On June 22, Prof. Zemin Zhang’s team from Biomedical Pioneering Innovation Center (BIOPIC), Beijing Advanced Innovation Centre for Genomics (ICG), and Peking-Tsinghua Centre for Life Sciences (CLS), Peking University, has published an article in Nature Communications on their new method for unsupervised feature selection and purity assessment of identified cell clusters, which is entitled “An entropy-based metric for assessing the purity of single cell populations”.

The recent advances in scRNA-seq have transformative potential to discover and annotate cell types, providing insights into organ composition, tumor microenvironment, cell lineage, and fundamental cell properties. However, the identification of cell clusters is often determined by manually checking specific signature genes, which are arbitrary and inherently imprecise. In addition, different methods and even parameters used for normalization, feature selection, batch correction, and clustering can also confound the final identified clusters, thus motivating the need to accurately assess the purity or quality of identified clusters.
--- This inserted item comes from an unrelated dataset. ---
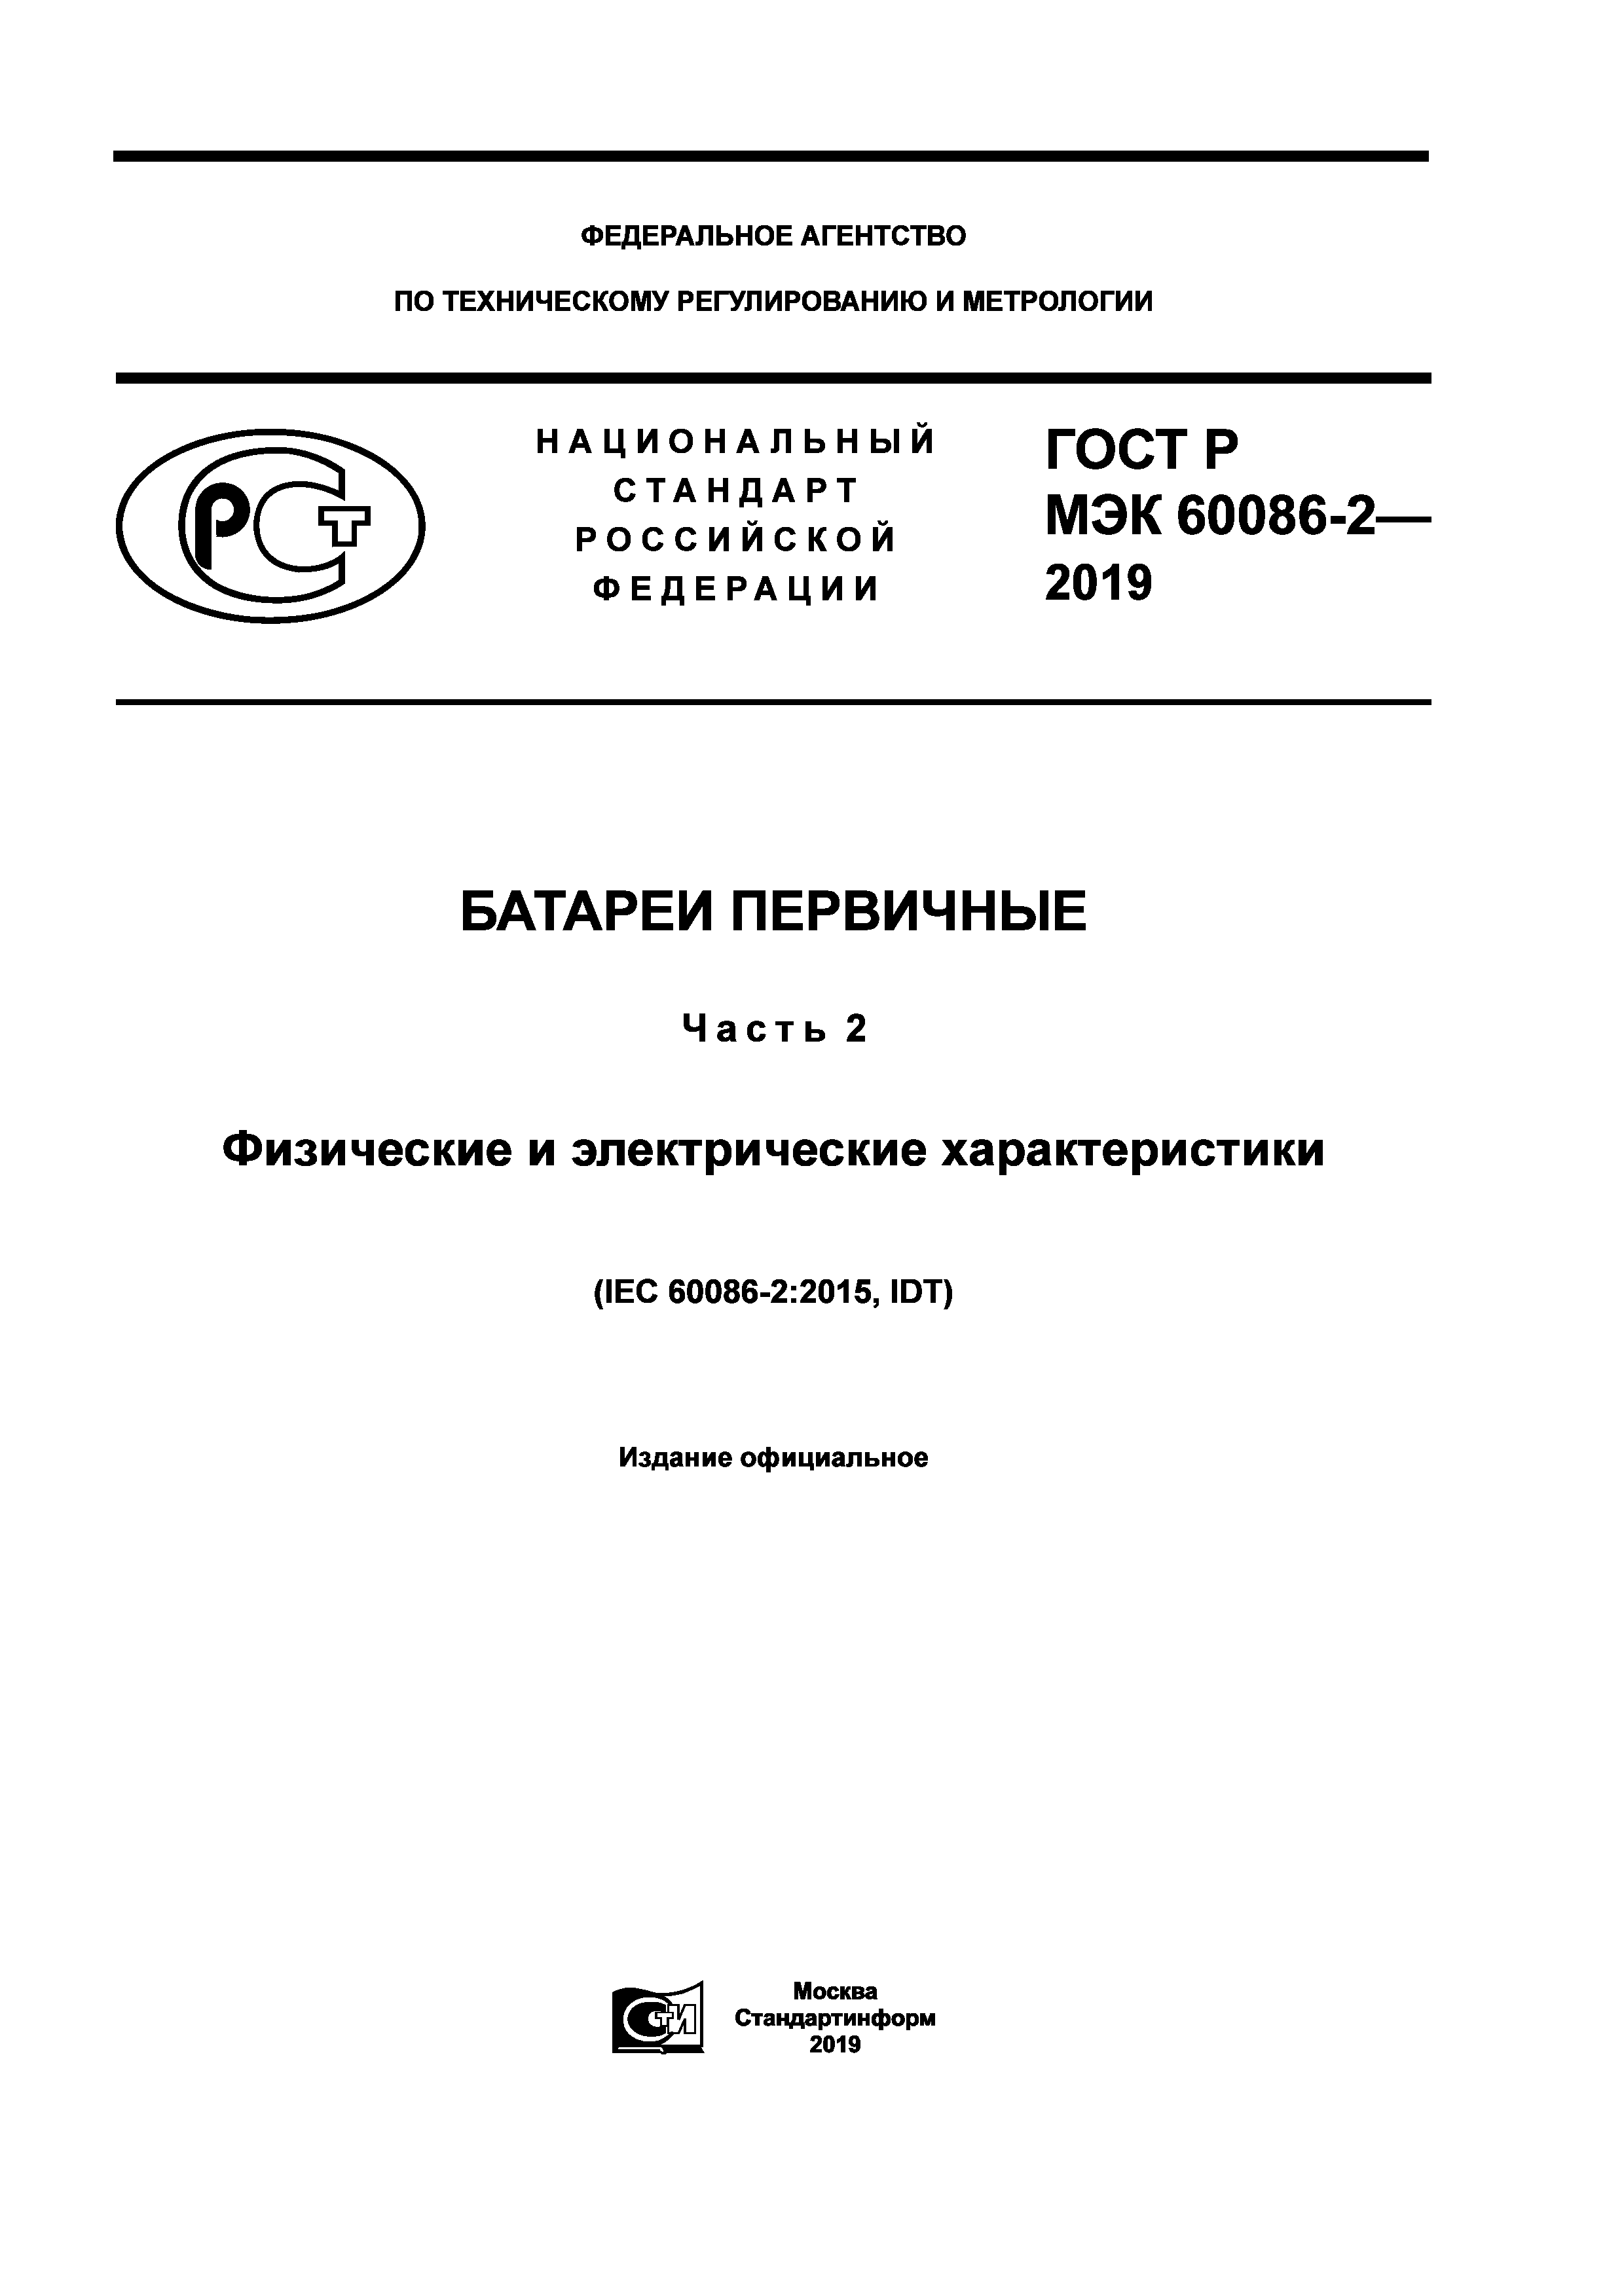 ГОСТ Р МЭК 60086-2-2019

The PhD students Baolin Liu and Chenwei Li from Zemin Zhang’s lab developed the ROGUE metric and effectively addressed this issue. They extended the previously developed E-test method [1] and used the differential entropy to capture the degree of disorder or randomness of gene expression. The differential entropy has a strong relationship with the mean expression level of genes, thus forming the basis for the expression entropy model (S-E model), which is capable of identifying variable genes with high sensitivity and precision, and shows superior performance than other competing methods (Fig. 1). Based on this model, they propose the Ratio of Global Unshifted Entropy (ROGUE) statistic to quantify the purity or homogeneity of a given single-cell population while accounting for other technical factors.
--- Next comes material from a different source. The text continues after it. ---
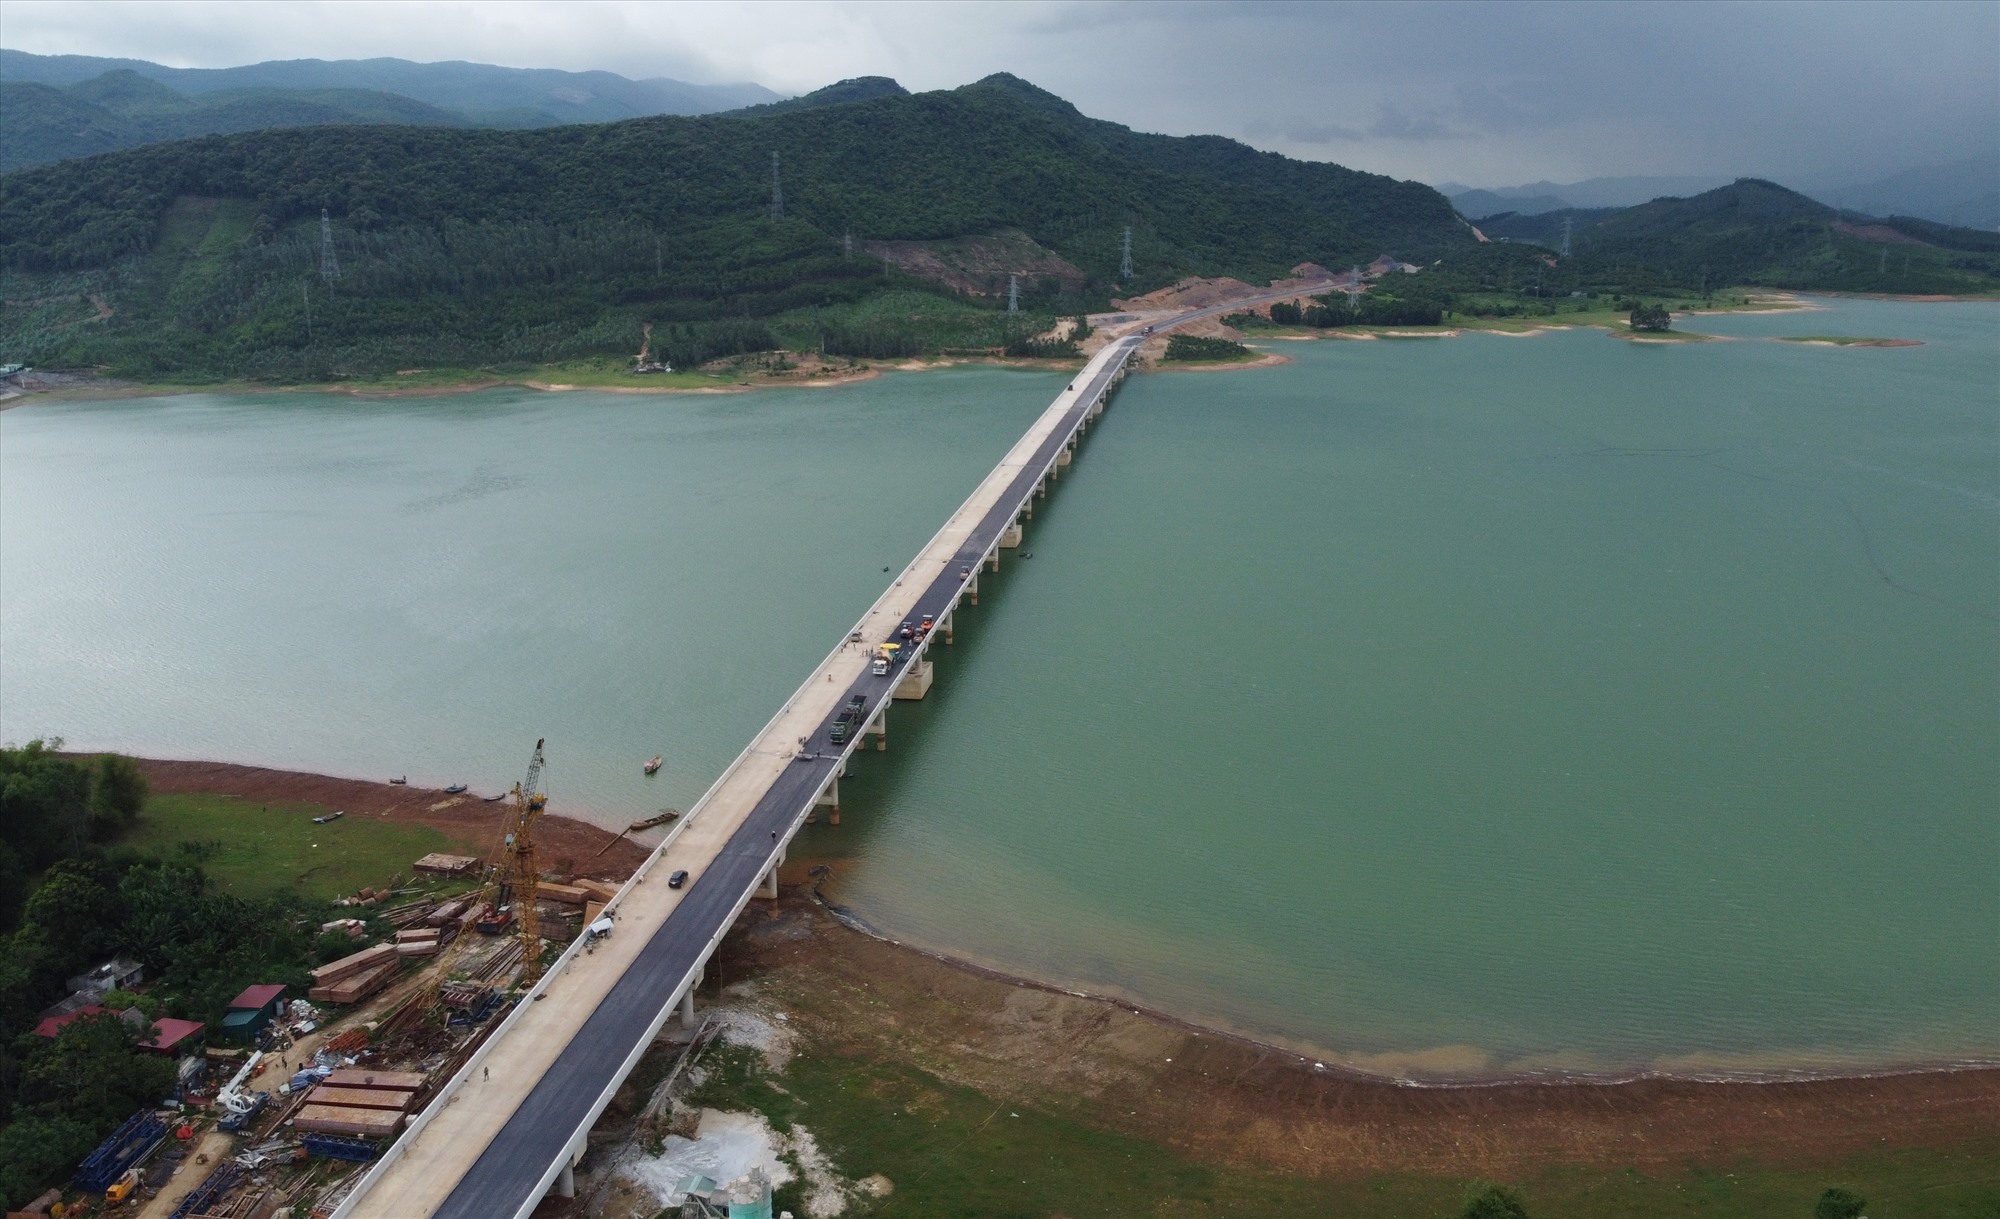 Được biết, trên tuyến cao tốc Quốc lộ 45 - Nghi Sơn có tổng số 18 cây cầu lớn nhỏ. Trong đó, cầu vượt hồ Yên Mỹ (qua huyện Nông Cống) dài nhất (gần 1km), với giá trị xây lắp 240 tỉ đồng. Ảnh: Quách Du

Through extensive simulations, the researchers demonstrate that ROGUE could accurately assess the purity of single cell populations and guide single-cell clustering regardless of uncontrollable cell-to-cell variation. When applying ROGUE to multiple challenging scRNA-seq datasets, the researches identify additional subtypes and demonstrate the application of ROGUE-guided analyses to detect precise signals in specific subpopulations (Fig. 1).

Figure 1: S-E model and the application of ROGUE

Software implementing the feature selection and purity assessment is available as an open-source R package ROGUE, which can be downloaded at https://github.com/PaulingLiu/ROGUE. Improving the purity and credibility of the ever-increasing number of cell types is a mounting challenge with explosive efforts toward single-cell sequencing, and ROGUE could become a potential standard for judging the quality of cell clusters.

The PhD student Baolin Liu from BIOPIC/School of Life Sciences and the PhD student Chenwei Li from CLS are the co-first authors of this paper, and Professor Zemin Zhang from the BIOPIC/School of Life Sciences is the corresponding author. This project was funded by the National Natural Science Foundation of China, ICG and Analytical Biosciences Limited (Beijing).

References:

[1] Li, C. et al. SciBet as a portable and fast single cell type identifier. Nat. Commun. 11, 1818 (2020).